SUPPLIED DATA -
--- START ---

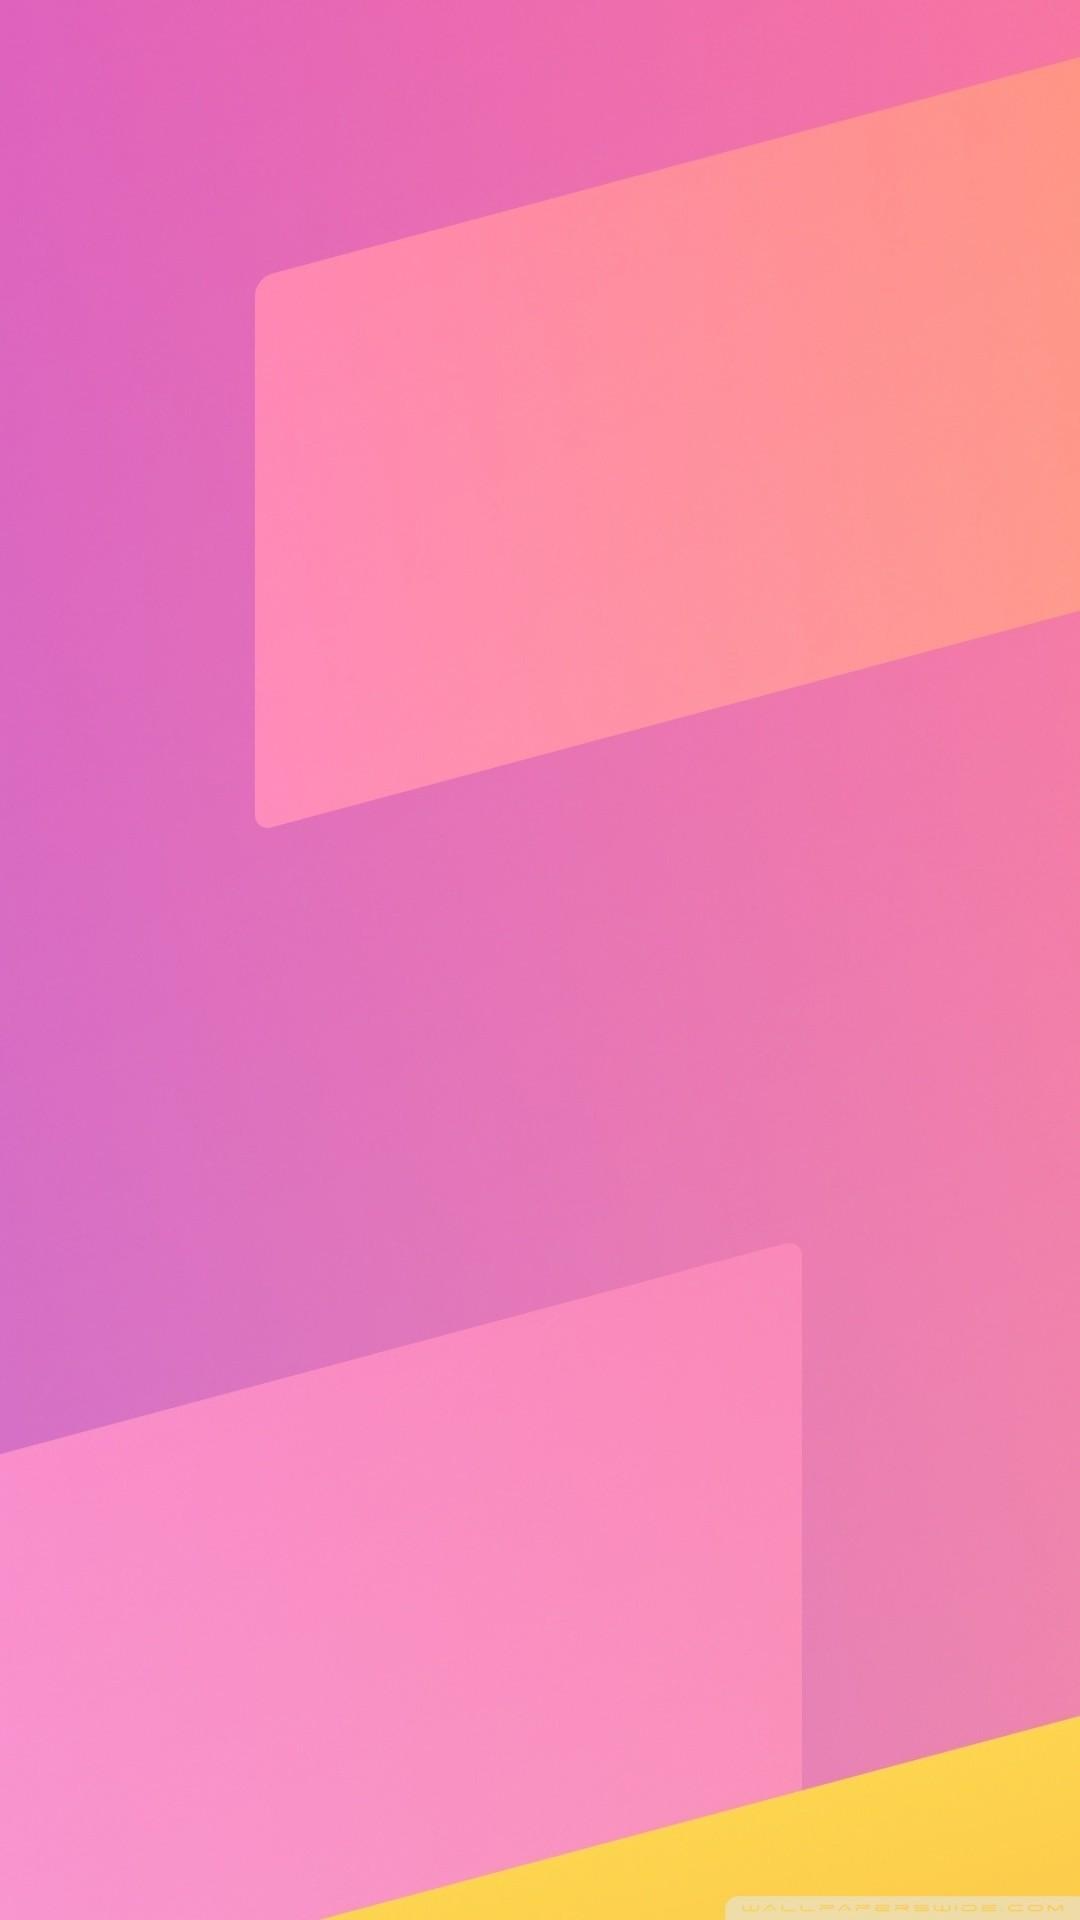 Free Opera Reborn Pink phone wallpaper by willow17
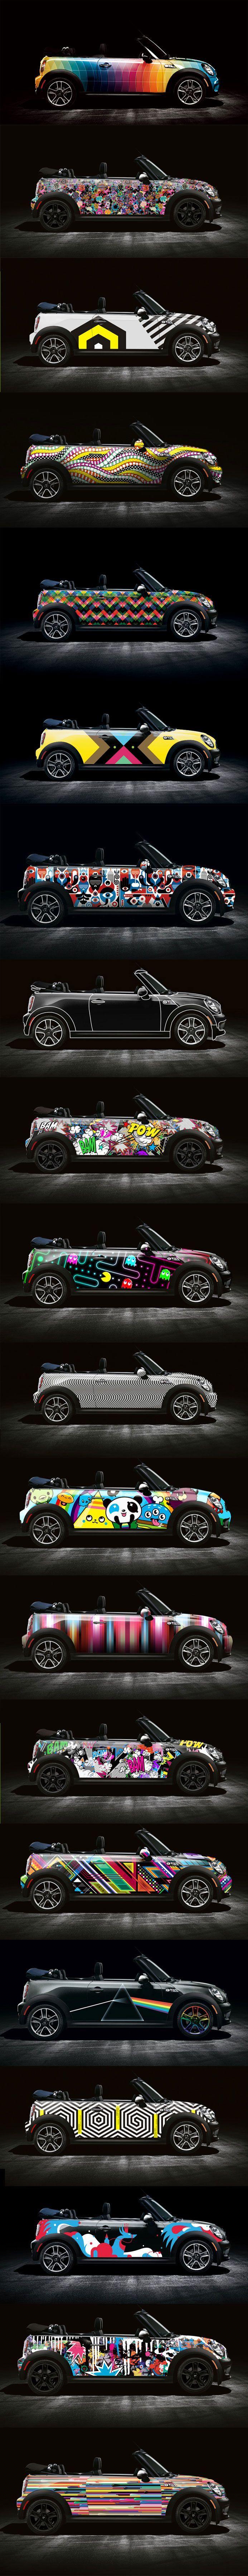 Nice Mini cooper  2017: Mini Cooper Cool Wraps ♥ App for Mini Cooper Warning Lights, is now in App Sto... Check more at http://24cars.top/2017/mini-cooper-2017-mini-cooper-cool-wraps-%e2%99%a5-app-for-mini-cooper-warning-lights-is-now-in-app-sto/
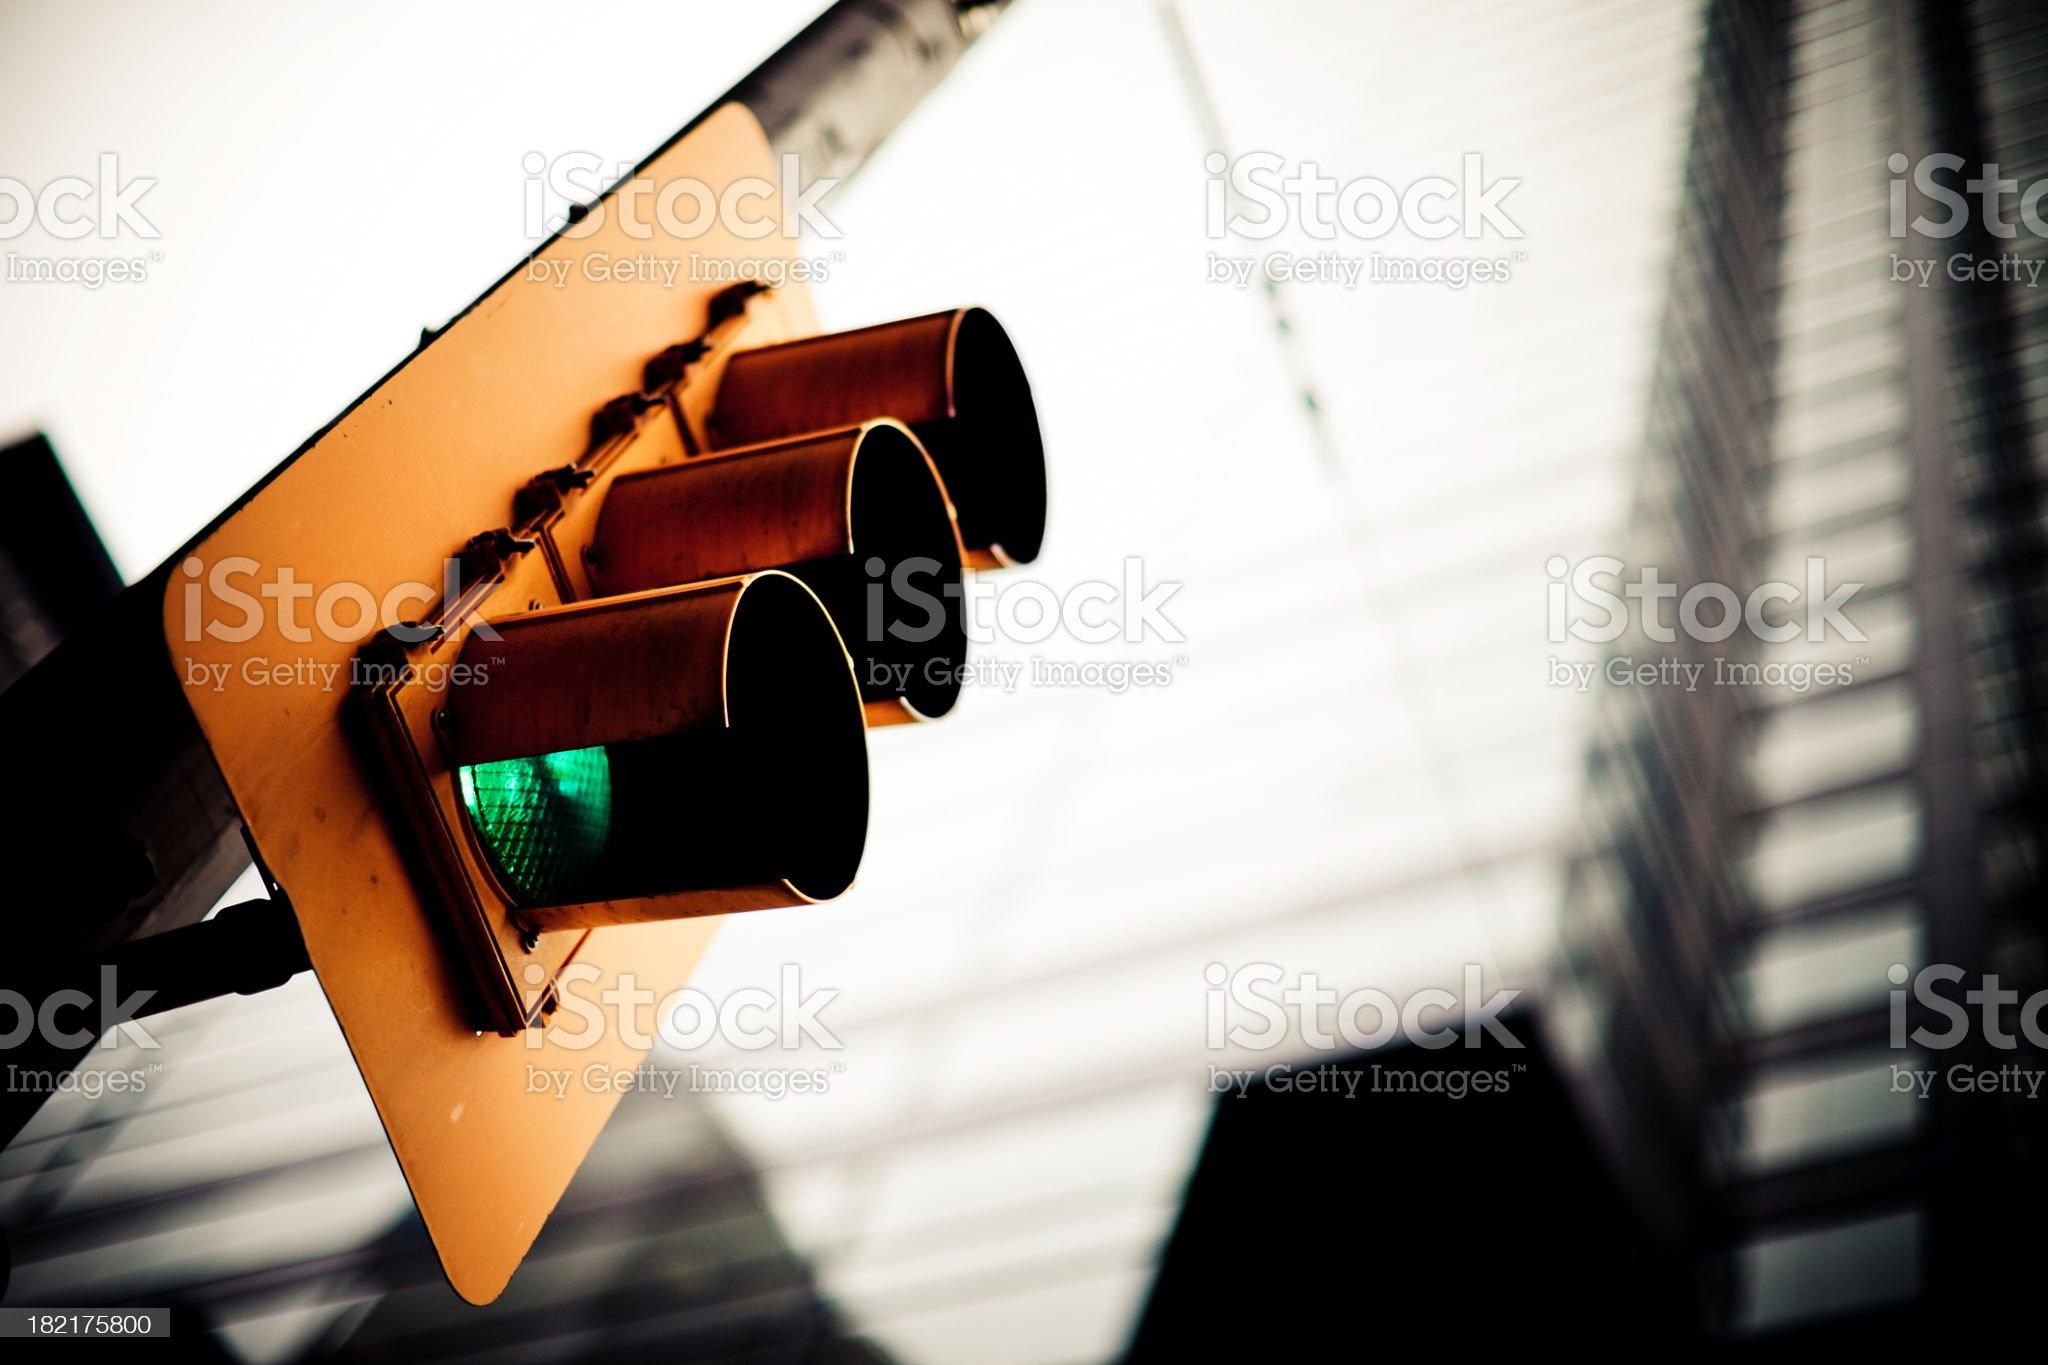 Traffic lights goes green royalty-free stock photo

--- END ---

DIRECTIONS FOR THIS TASK - What you produce should repeat the data word for word while omitting all images.

OUTPUT BELOW -
 Free Opera Reborn Pink phone wallpaper by willow17
 Nice Mini cooper  2017: Mini Cooper Cool Wraps ♥ App for Mini Cooper Warning Lights, is now in App Sto... Check more at http://24cars.top/2017/mini-cooper-2017-mini-cooper-cool-wraps-%e2%99%a5-app-for-mini-cooper-warning-lights-is-now-in-app-sto/
 Traffic lights goes green royalty-free stock photo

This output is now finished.